Director Joseph Wilson worked with movement director Ted Rogers to direct the performers or the ‘gloms’ as Wilson and Wolf named them. Their story was inspired by the Greek Myth of Sisyphus, who is condemned to roll a rock up to the top of a mountain, only to have the rock roll back down to the bottom every time he reaches the top. Patrick spoke about how he had learned to let go of his resentments, lifting a great weight off his shoulders. So the idea was that the ‘gloms’ were pulling around their resentments (which start off as small pieces of coal) and develop into large heavy boarders as the story goes on.”

Joseph Wilson commented, “When Patrick approached me about collaborating it was really a ‘pinch yourself’ sort of moment. I used to listen to Patrick at college before I came out and had been to a couple of his London shows when I was 17. I saw a lot of myself in Patrick and he gave me hope that there were other people like me out there so to be working with him all these years later is very poignant for me.

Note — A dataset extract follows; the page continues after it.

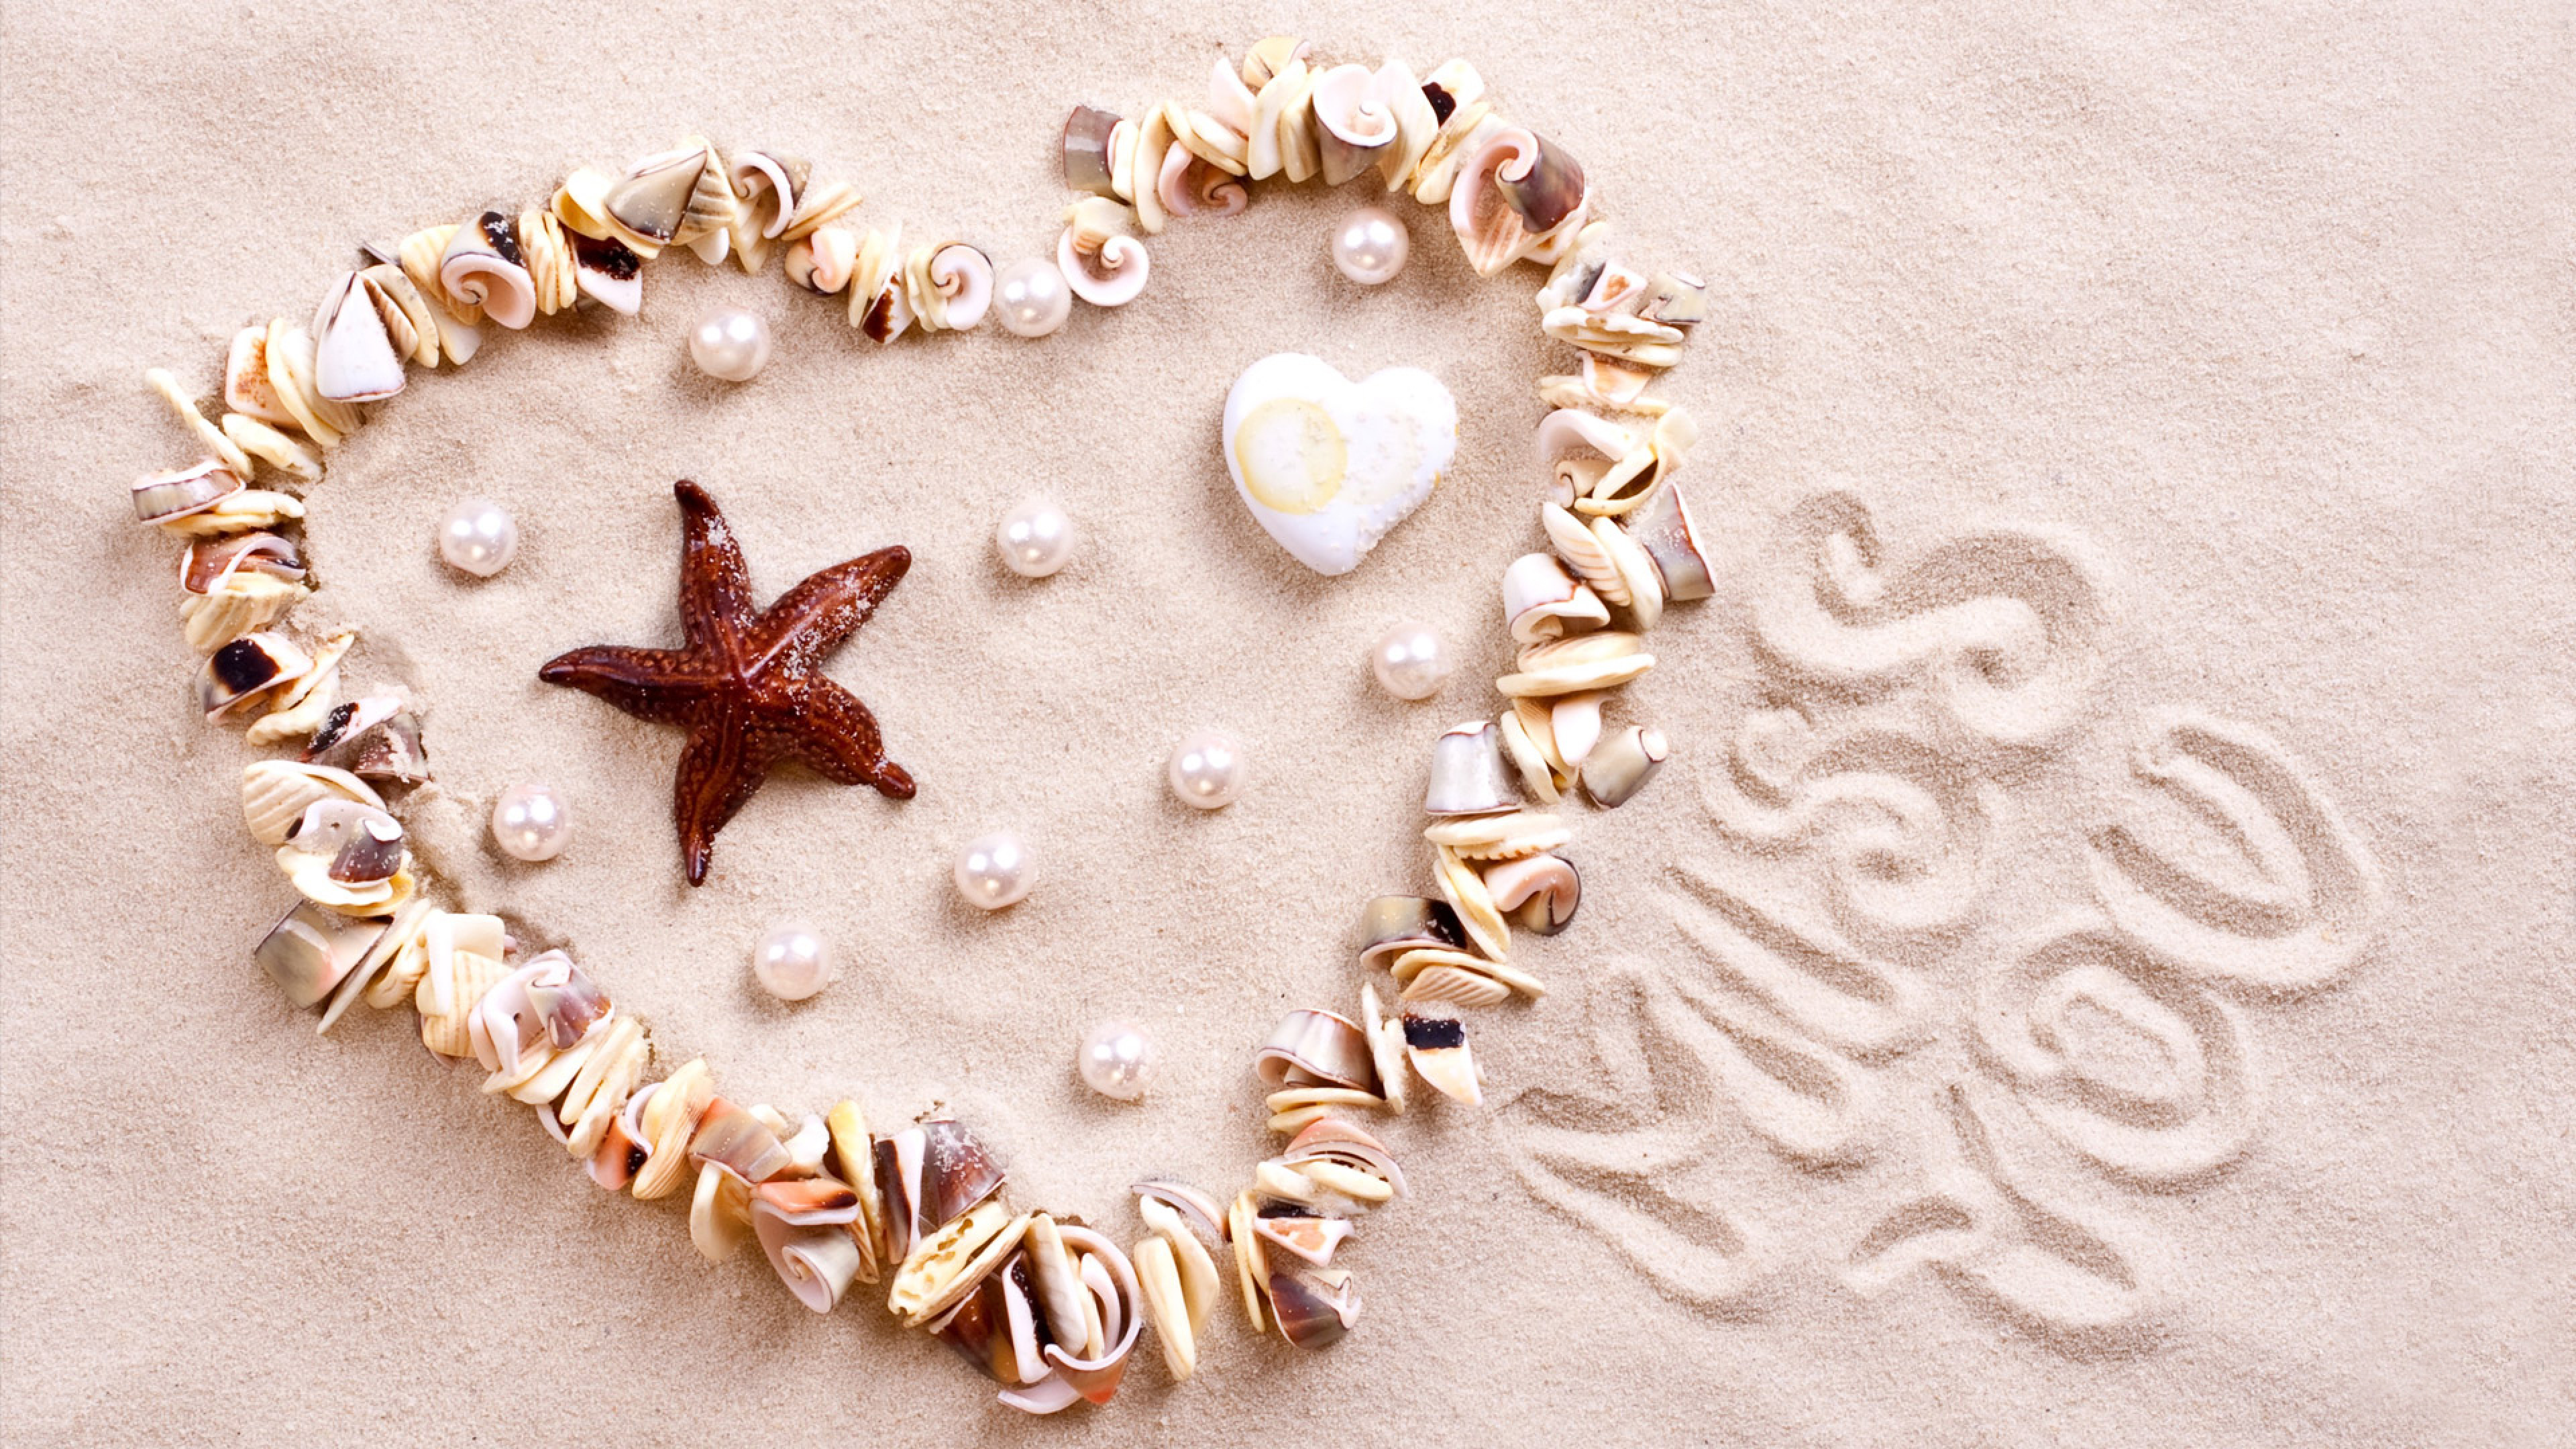 Слово перламутровые. Сердечко на песке. Сердце из ракушек. Ракушки морские на песке. Сердце из ракушек на песке.

Aside from our creative vision, we share a lot of similarities growing up as outsiders and both overcoming our own traumas through the pandemic. I had come across Beacon Fort a few years ago (I’d been saving it for the perfect project) and this felt like the perfect setting for the Nowhere Game. Located at the very edge of a quiet coastal town in Essex, the cold concrete structures and its prolific history of war, battle, and invasion created the perfect setting for the Nowhere Game. Many of the cast and crew were lifelong Patrick fans, which made the shoot feel even more worthwhile. I remember looking up to the sky and seeing a dozen shooting stars as the performers pulled rocks around Patrick whilst he played the viola. It was such a moment! Regardless of the fact there was no electricity, and it was the coldest day of 2022! It was all worth it.”

Wolf is one of the most talented and idiosyncratic musicians of his generation, with a run of critically hailed albums, starting with “Lycanthropy” in 2003 to “Lupercalia” in 2010 which saw him incorporating everything, including the viola, Celtic harp, dulcimer, baritone ukulele, piano, harpsichord, analog synthesizers, and re-sampled field recordings in his music and collaborating with the likes of Marianne Faithfull, Tilda Swinton, Angelo Badalamenti, and Patti Smith, among others. “The Night Safari” EP will be released early next year.